“White-collar crime,” is a phrase first used by a distinguished criminologist in the late 1930s to describe activates of the rich and powerful. Edwin Sutherland defined “while-collar” crime as a crime committed by a person of respectability and high social status in the course of his occupation.” Source: Connecticut Public Record Search
In addition, the FBI says, “White-collar crime … is now synonymous with the full range of frauds committed by business and government professionals.”
However, when the same sort of crime takes place in China, the Western media calls it “corruption” and the term “white-collar” is seldom if ever used.

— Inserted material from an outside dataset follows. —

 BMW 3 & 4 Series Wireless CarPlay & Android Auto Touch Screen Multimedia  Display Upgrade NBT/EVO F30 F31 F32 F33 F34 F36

If you read this blog regularly, you may remember that I recently wrote about this topic in The Danger of False Truths. A friend said, “the degree of corruption in China is simply breathtaking,” which was his knee-jerk reaction after reading about thousands of corrupt Chinese officials stealing more than $120 billion dollars from state-owned enterprises over a period of about 15 years.
To clarify a point, before the 1980s, the government in China owned all the factories.

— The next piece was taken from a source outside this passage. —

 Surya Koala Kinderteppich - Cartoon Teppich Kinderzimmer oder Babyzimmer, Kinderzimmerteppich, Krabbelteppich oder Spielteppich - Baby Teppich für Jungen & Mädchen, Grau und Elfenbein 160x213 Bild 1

Then China opened its doors to capitalism, and state-owned factories were told to either become profitable or go out of business and many did close their doors.

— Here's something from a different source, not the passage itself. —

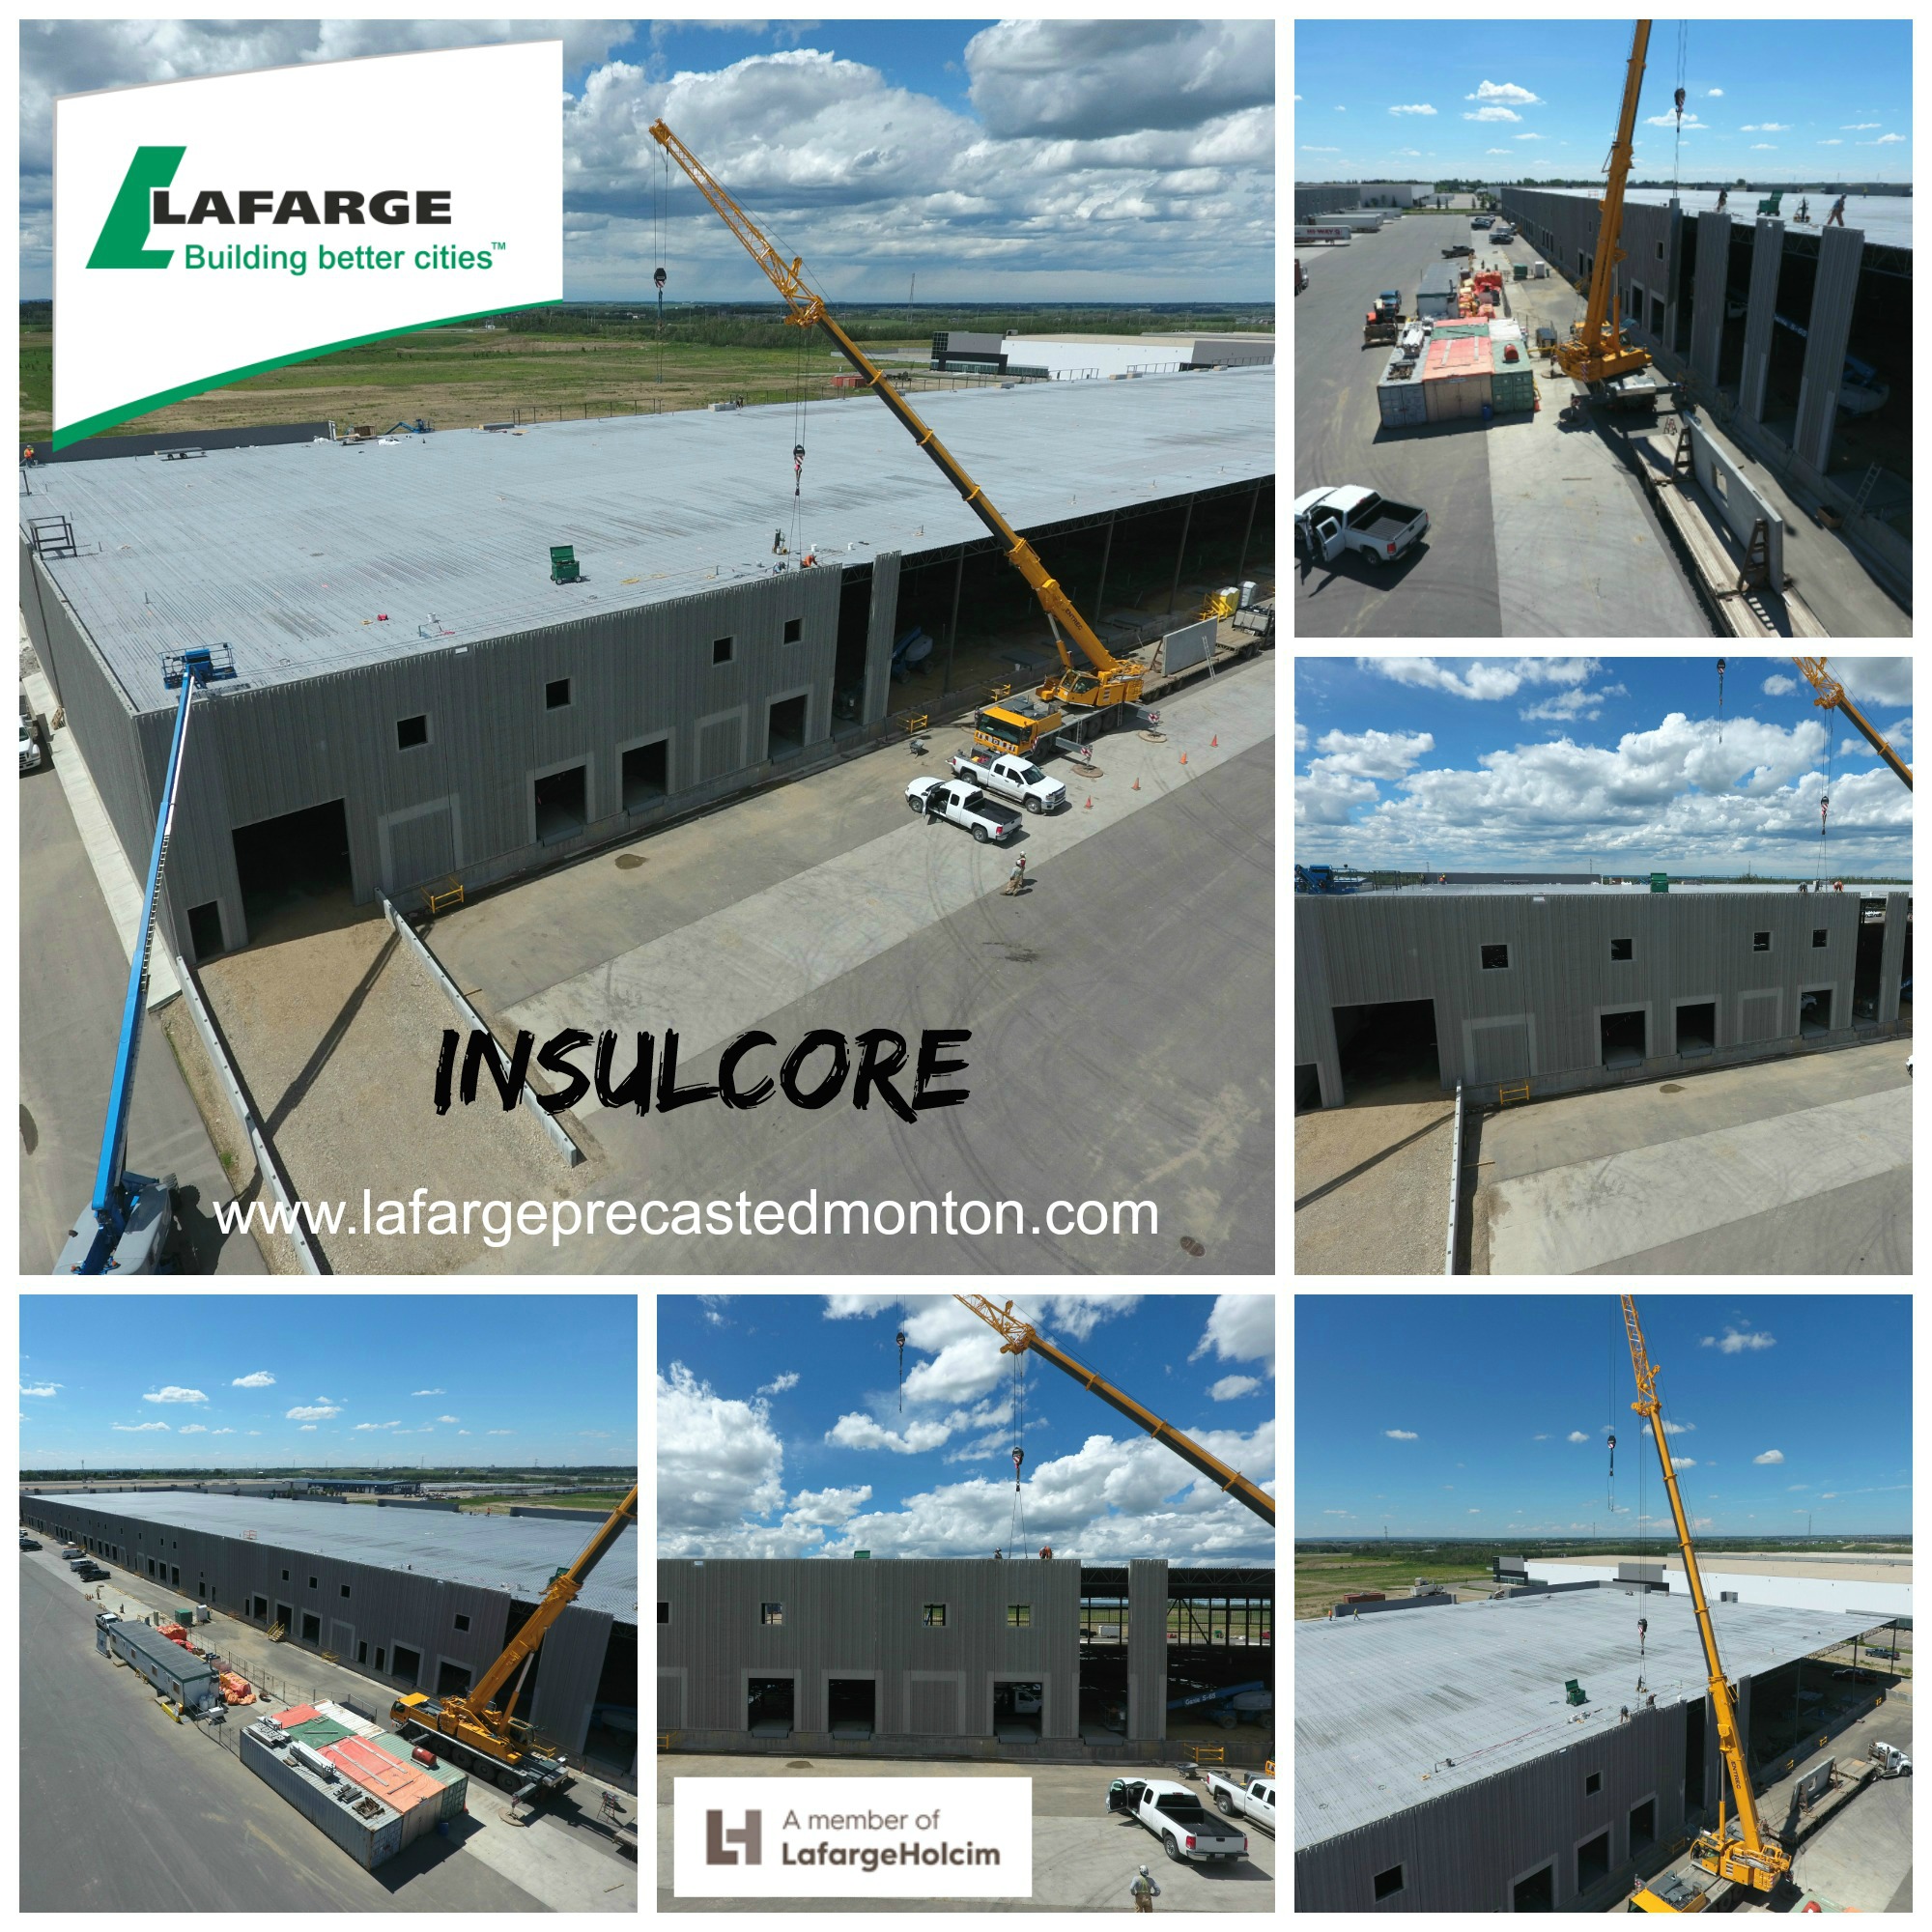 precast-concrete-exterior-wall-panels-by-lafarge-precast-edmonton

In China, convicted white-collar criminals go to jail for a long time or are executed. Watch this video to see what happens to most white-collar criminals in the US.
Today, the surviving state-owned factories are managed as if they are private sector businesses and the managers usually do not hold political posts in the government. If these managers skimmed money from the profits of these government-owned businesses, that crime was no different from “white-collar” crimes in America.
Usually, when I read or hear a criticism of China, I research the country where the criticism originated, which is mostly from the US.
What I learned about white-collar corruption in the United States may shock you.
Security expert Troy Williams says that as many as 30 percent of the average company’s employees do steal, and another 60 percent will steal if given a motive and opportunity. Some estimates indicate that more than $600 billion is stolen annually (in the US), or, roughly $4,500 per employee. According to the U.S. Department of Commerce, about a third of all business failures each year trace back to employee theft and other employee crime.
The FBI says employee theft is “the fastest growing crime in America”, and the U.S. Chamber of Commerce estimates that 75% of all employees steal from their workplace and that most do it on a regular basis. Furthermore, the American Society of Employers estimates that 20% of every dollar earned by a U.S. company is subsequently lost to employee theft.
However, when the theft of a $120 billion in China over a period of fifteen years elicits “the degree of corruption in China is simply breathtaking“, what describes the degree of corruption in the United States after learning that over the same period of time white-collar corruption in the US adds up to $9 trillion dollars or 75 times what was reported stolen in China?